Overview: Are Texas Charter Schools Really Underfunded?

 

 

Proponents of Texas charter schools have been attempting to make the case that since the Legislature does not make available to charter schools monies specifically earmarked for facilities that charter schools therefore receive at least $1,000 per student less than regular school districts each year. This claim of a $1,000 shortfall has appeared numerous times in press interviews and in newsletters or website announcements by spokespersons for charter schools.  Parents of children who attend charter schools have also echoed the claim in letters to their local newspapers.

 

Examples of the allegations that charter schools are shortchanged $1.000 per student per year by the State of Texas are statements by David Dunn, the Executive Director of the Texas Charter Schools Association (TCSA) that appeared in the Texas Tribune on April 16, 2014 and also on September 26, 2014. Another example appeared in an opinion piece in the Houston Chronicle on February 3, 2014, which was authored by Mr. Dunn and Mike Feinberg. Mr. Feinberg is the cofounder of the KIPP system of charter schools, the head of KIPP Inc, Houston, and is also a board member of the TCSA.  The claim that public charter schools receive “about $1,000 less per student than what is provided to school districts” was made in an opinion piece by a mother of three children who attended KIPP Houston. (Houston Chronicle May 6, 2015.)

 

The TCSA was a party to the recent school finance court case against the State.
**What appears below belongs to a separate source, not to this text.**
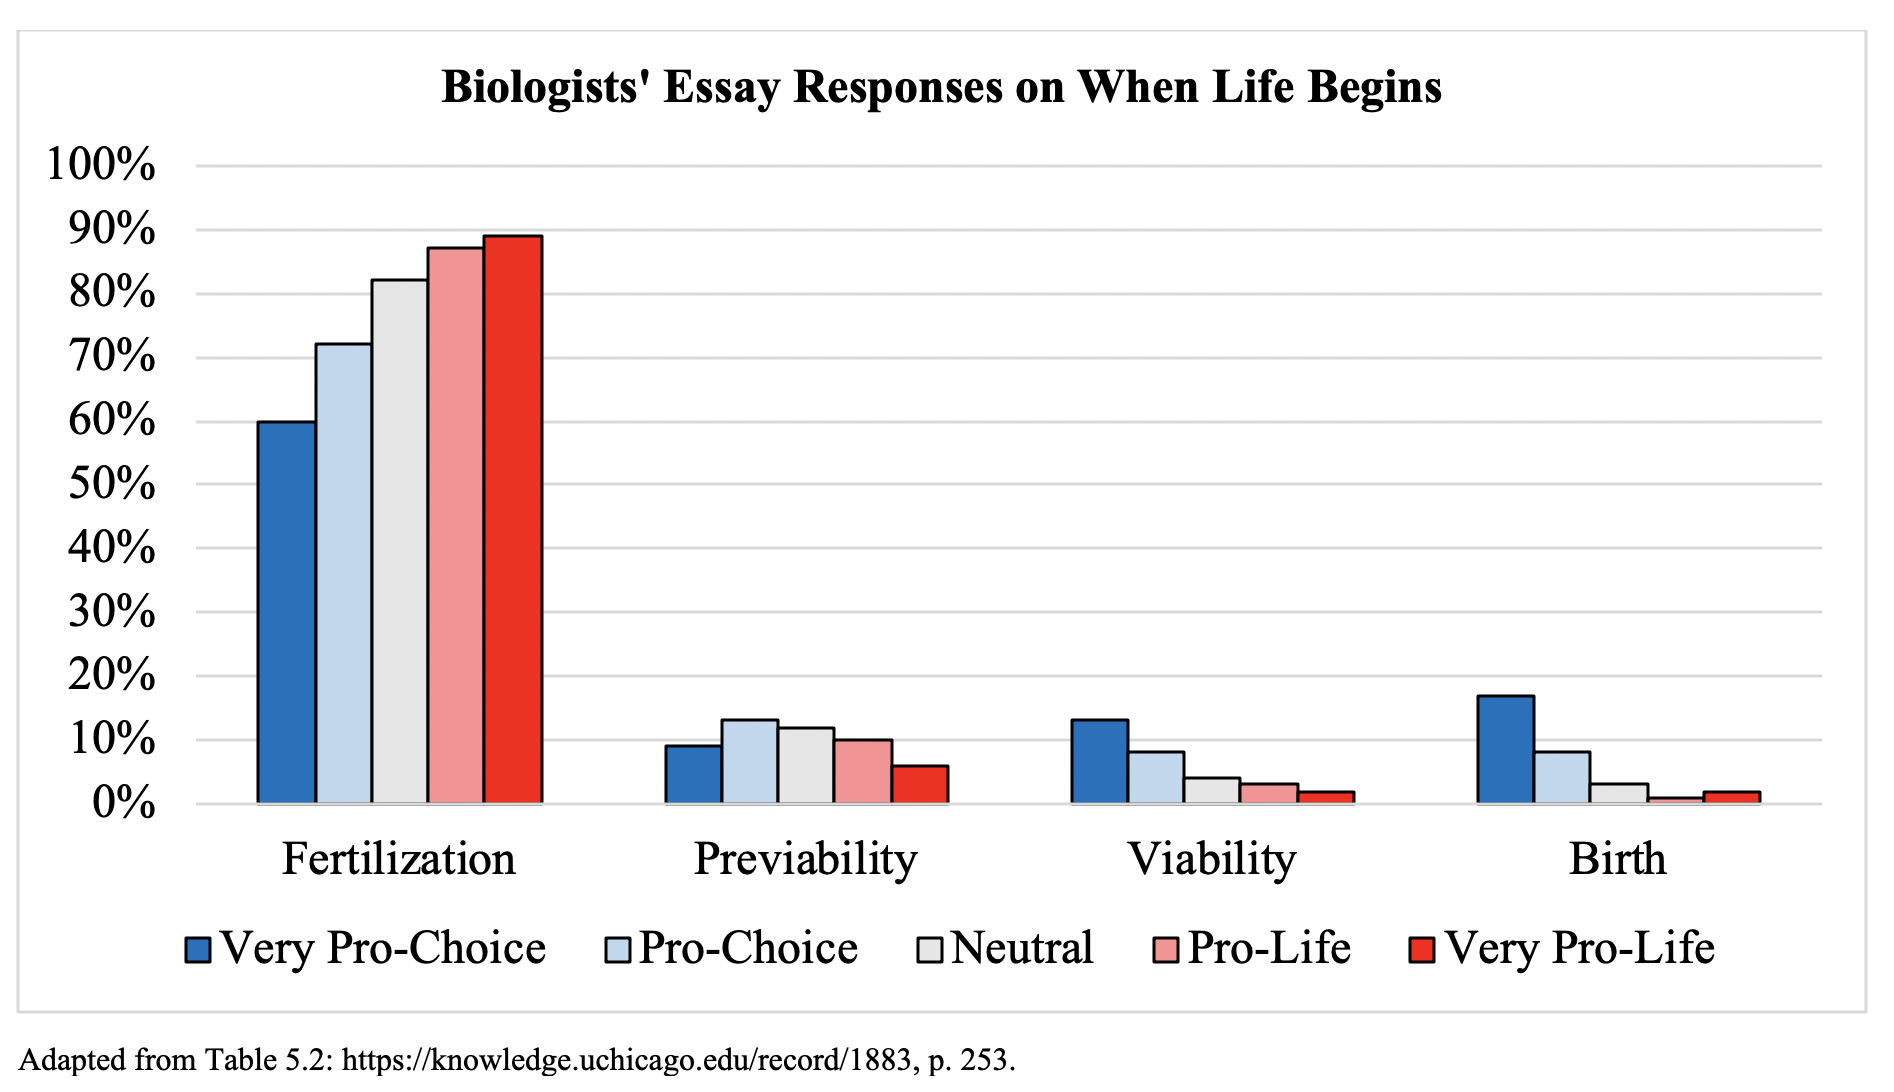 biologists' views
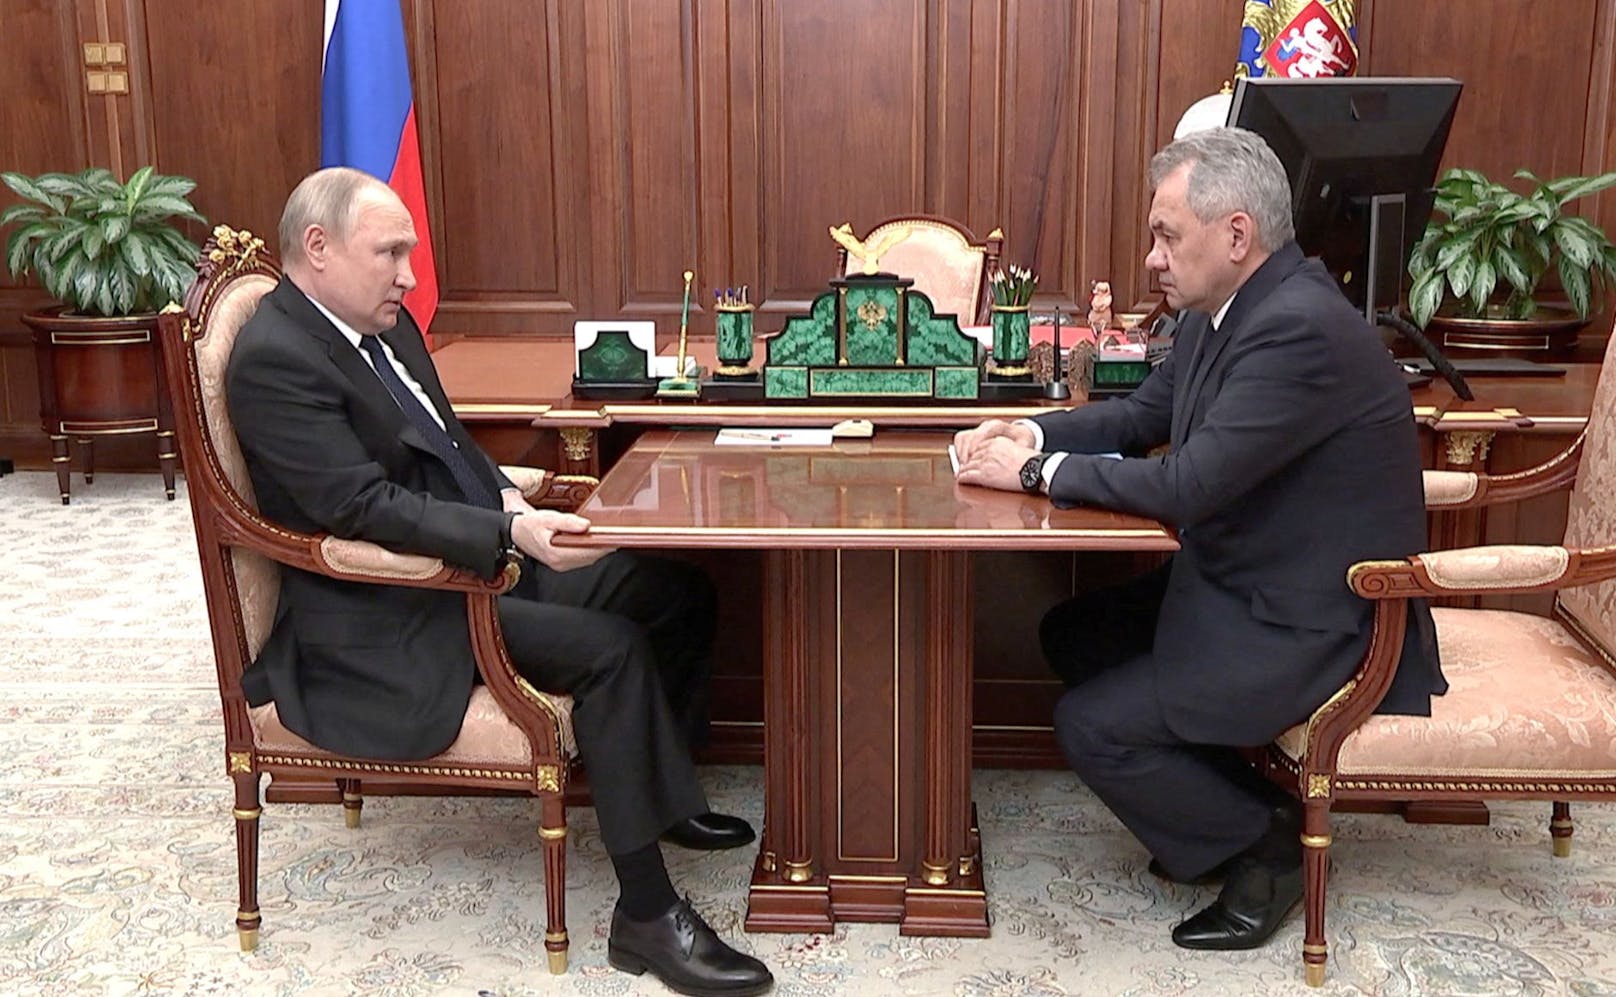 Wladimir Putin mit Verteidigungsminister Sergei Schoigu. Putins seltsame Haltung sorgte für Spekulationen über seine Gesundheit.

Judge Dietz ruled that the state school finance system that funds charter schools, along with all public school districts, is unconstitutionally inadequate.  But on the specific claim by the TCSA that the lack of state funding specifically for facilities for charter schools Judge Dietz ruled against the charters, stating that “Charters accordingly have access to revenue in excess of what is available to school districts, and that revenue is available to meet charter schools’ facilities needs.”

 

The TCSA is appealing this part of Judge Dietz’s ruling and have filed a legal brief in the Supreme Court of Texas ---“Brief of Texas Charter Schools Association, et al.” setting out their claims.  The gist of their case lies in the repeated assertion in the Brief “that charter schools receive at least $1,000 less per student than other public schools, under this Court’s established weighted student analysis.” [Brief, p. xi]. This last quoted phrase, and some 8 repetitions of it throughout the Brief, is preceded by the word “undisputed”. This word—undisputed-- appears 18 times in the Brief.

 

What the TCSA is most intent on establishing as “undisputed” is the use of weighted average daily attendance (WADA) in making comparisons of revenues received by charter schools as opposed to school districts.  The use of WADA, as the Brief argues, is well established in making per pupil revenue or spending comparisons between districts or sets of districts.  In making comparisons between districts, or between charter schools, the use of WADA can be defended.  However, the use of WADA to compare per pupil revenues between charter schools and school districts is not supportable.  This is because the transformation of ADA numbers into WADA numbers is done very differently for charter schools as opposed to school districts. The precise method specified in the law for calculating state entitlements for charters and districts is not the same. The two different methods would give different dollar amounts of revenue entitlements to a charter school and a school district even if both had exactly the same number of students and the same mix of students carrying extra weights, such as the numbers who are economically disadvantaged or who area eligible for the same special education services.  Furthermore, the difference in the entitlements results in a different WADA calculation for the charter school than it does for the school district. This means that the basic measure for comparing revenues per pupil is different for a charter school than it is for a school district.  The measure is flawed, and results in inaccurate comparisons between revenues per weighted averaged daily attendance between charter schools and school districts.

 

The same difference in the funding formula that results in an aggregate over-funding of charter schools’ operations revenues also results in differences among charter schools—those with more than, approximately, 1,000 students receive relatively more than their district counterparts, while those charters with less than approximately 1,000 students do relatively less well than districts of like size.  These differences in treatment are of course due to the effects of the small school scale adjustment formula that benefits small school districts but which is not applied to small charter schools. 

 

It is precisely the effects of the small and medium size district scale adjustments that cause the statewide average adjusted allotment to be as high as it is, which in turn results in the over-funding of operations grants to charters as well as the overstatement of WADA figures, at least for charter systems over approximately 1,000 students.  These contain roughly 70 percent of total charter school ADA  (average daily attendance). Because of the high value of the adjusted allotment assigned to all charter schools ($6,265 for school year 2014-2015) the crossover point between where charters are advantaged or not is less than the regular ADA figure of 1,600 where the small school adjustment takes effect.

 

It is unfortunate that it is necessary to go into so much detail to properly explain this issue. But this is truly a case of the old truth that “The Devil is in the details.”

 

In short, the claim that “charter schools receive at least $1,000 less per student than other public schools” is disputed. Measured properly, the claim is false.